(Task requirements): Set each record down exactly, excluding all images.

++++ Material provided

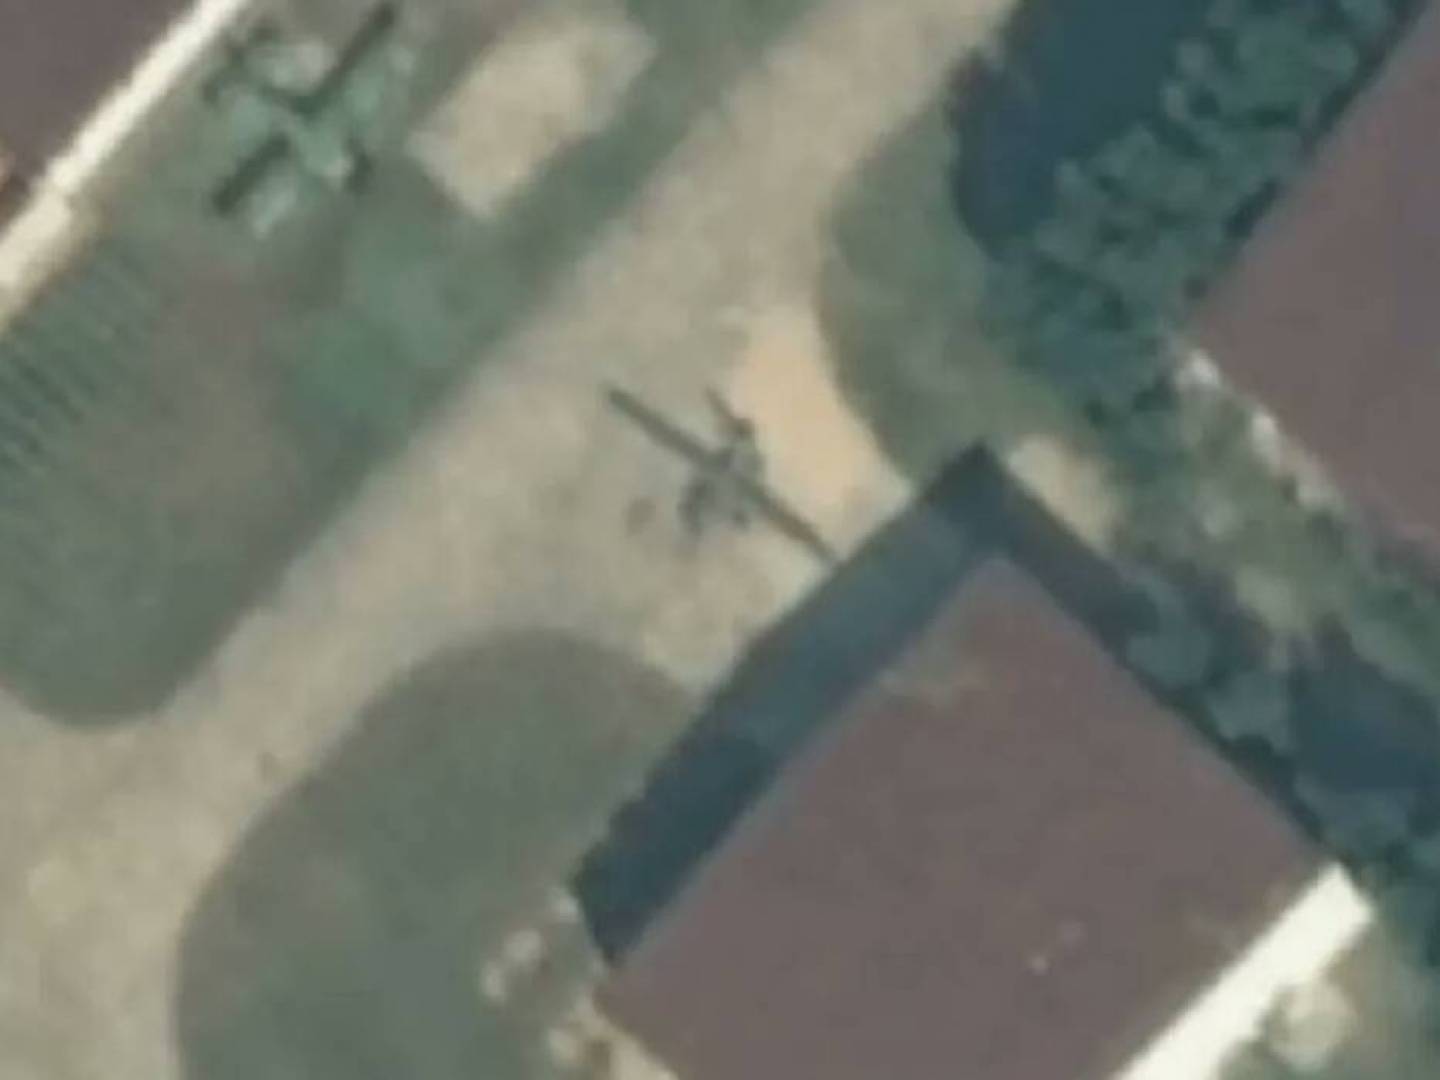 رصد طائرة مسيرة غامضة في سماء كوريا الشمالية
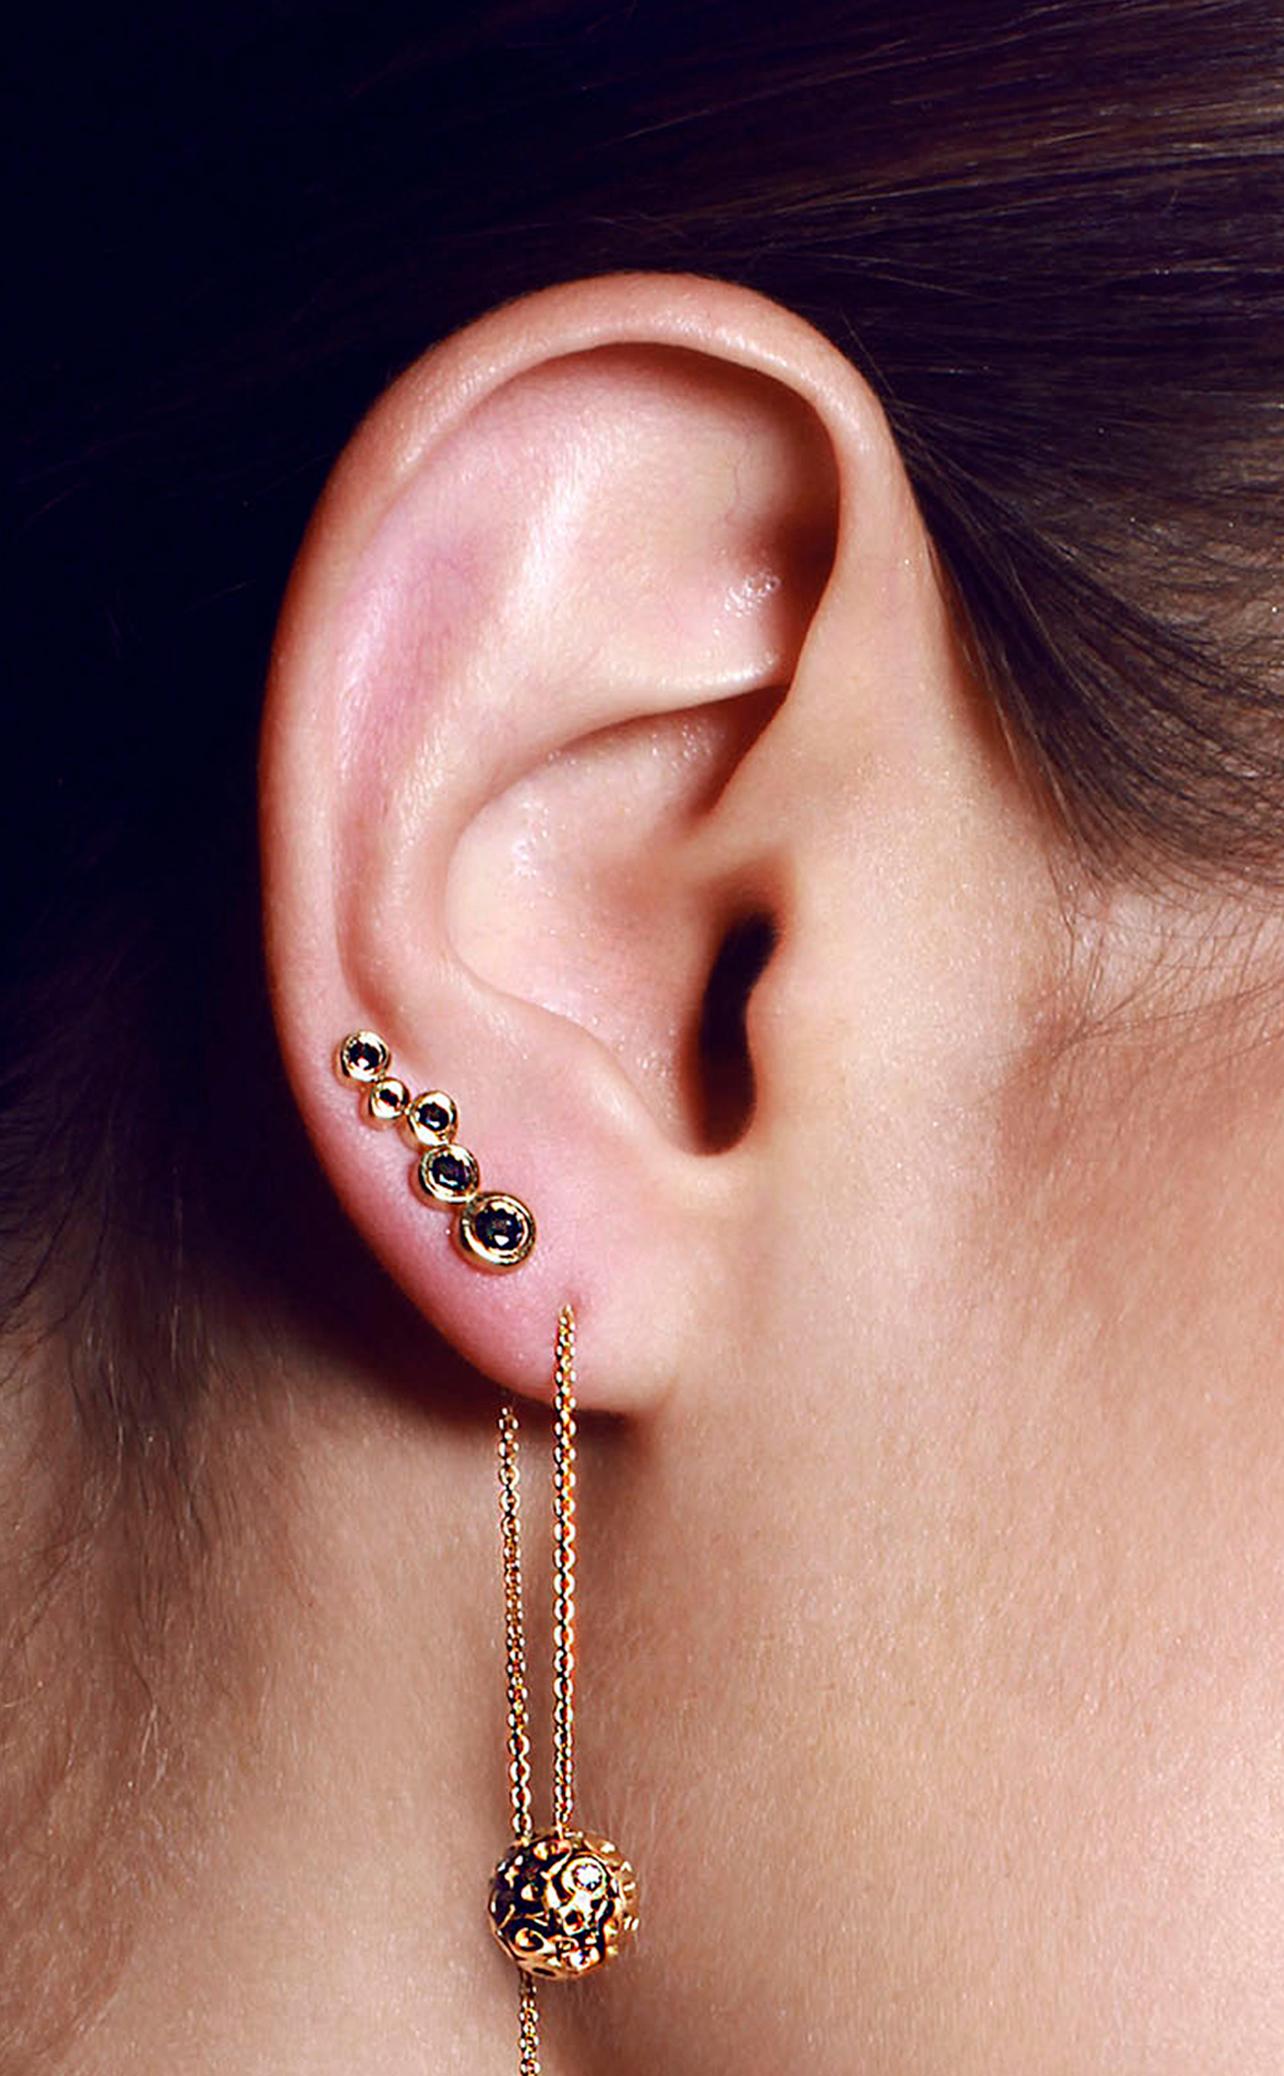 Tragen Sie diesen langen, linearen Ohrring mit herabrieselnden schwarzen Diamanten, um die
zwischen den alltäglichen einfachen Ohrsteckern.

Inspiriert von der Betrachtung des Lebens im Querschnitt, als ob man einen Baum aufschneidet, um die
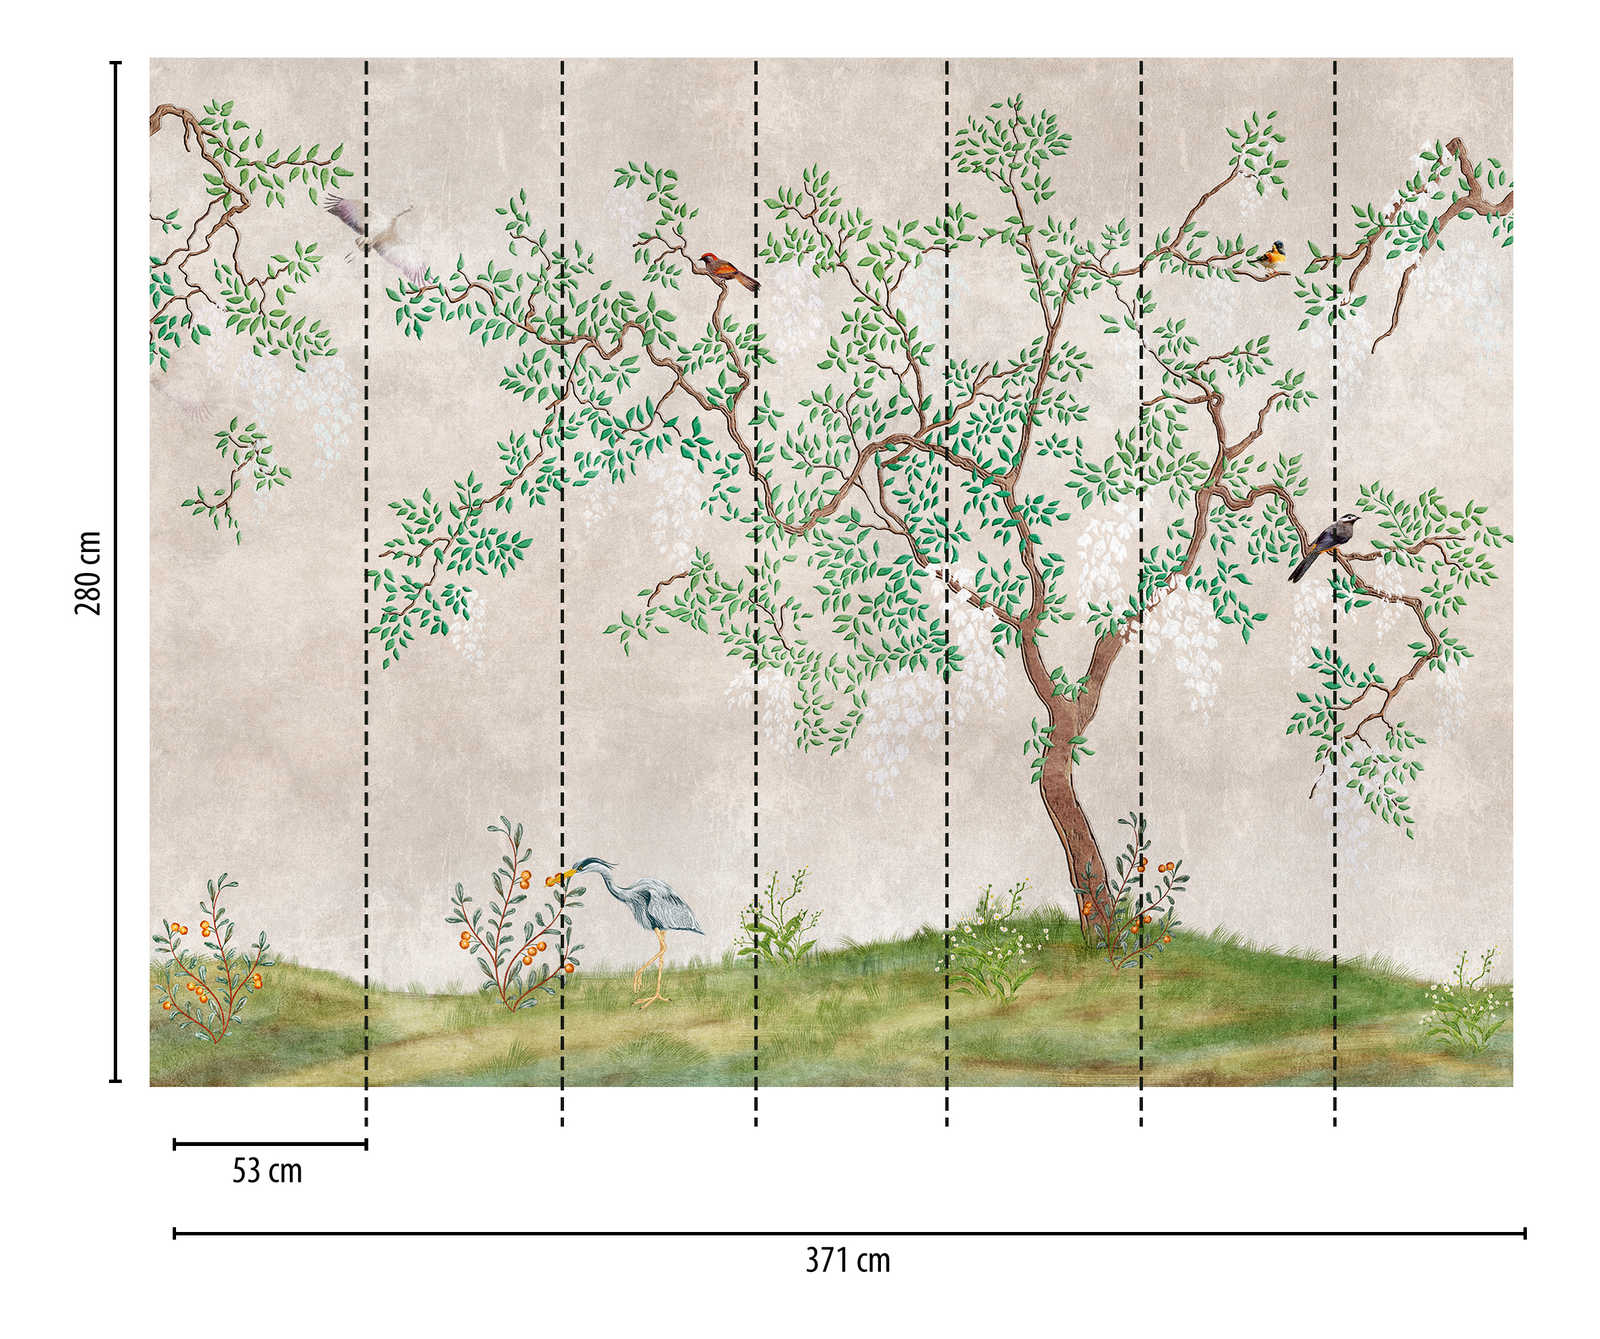             behang nieuwigheid | motief behang natuur ontwerp in Aziatische look
        
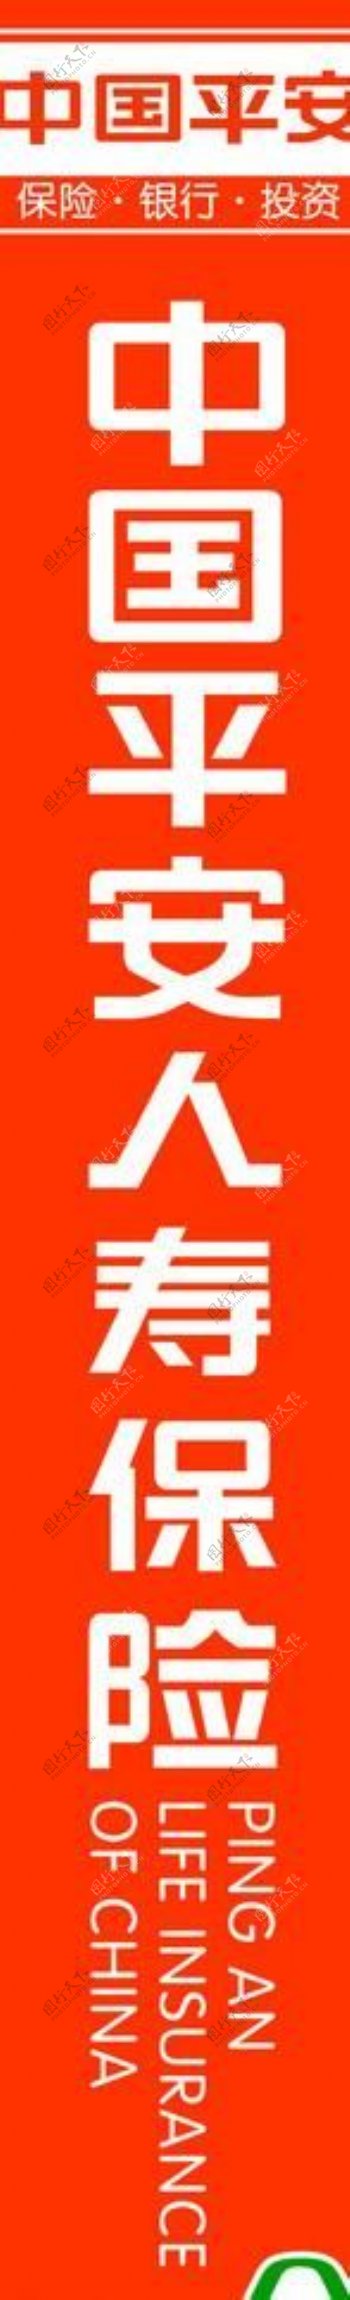 中国平安标准比例新logo图片

++++++++

(Result of this exercise):
 رصد طائرة مسيرة غامضة في سماء كوريا الشمالية
 Tragen Sie diesen langen, linearen Ohrring mit herabrieselnden schwarzen Diamanten, um die
zwischen den alltäglichen einfachen Ohrsteckern.

Inspiriert von der Betrachtung des Lebens im Querschnitt, als ob man einen Baum aufschneidet, um die
             behang nieuwigheid | motief behang natuur ontwerp in Aziatische look
        
 中国平安标准比例新logo图片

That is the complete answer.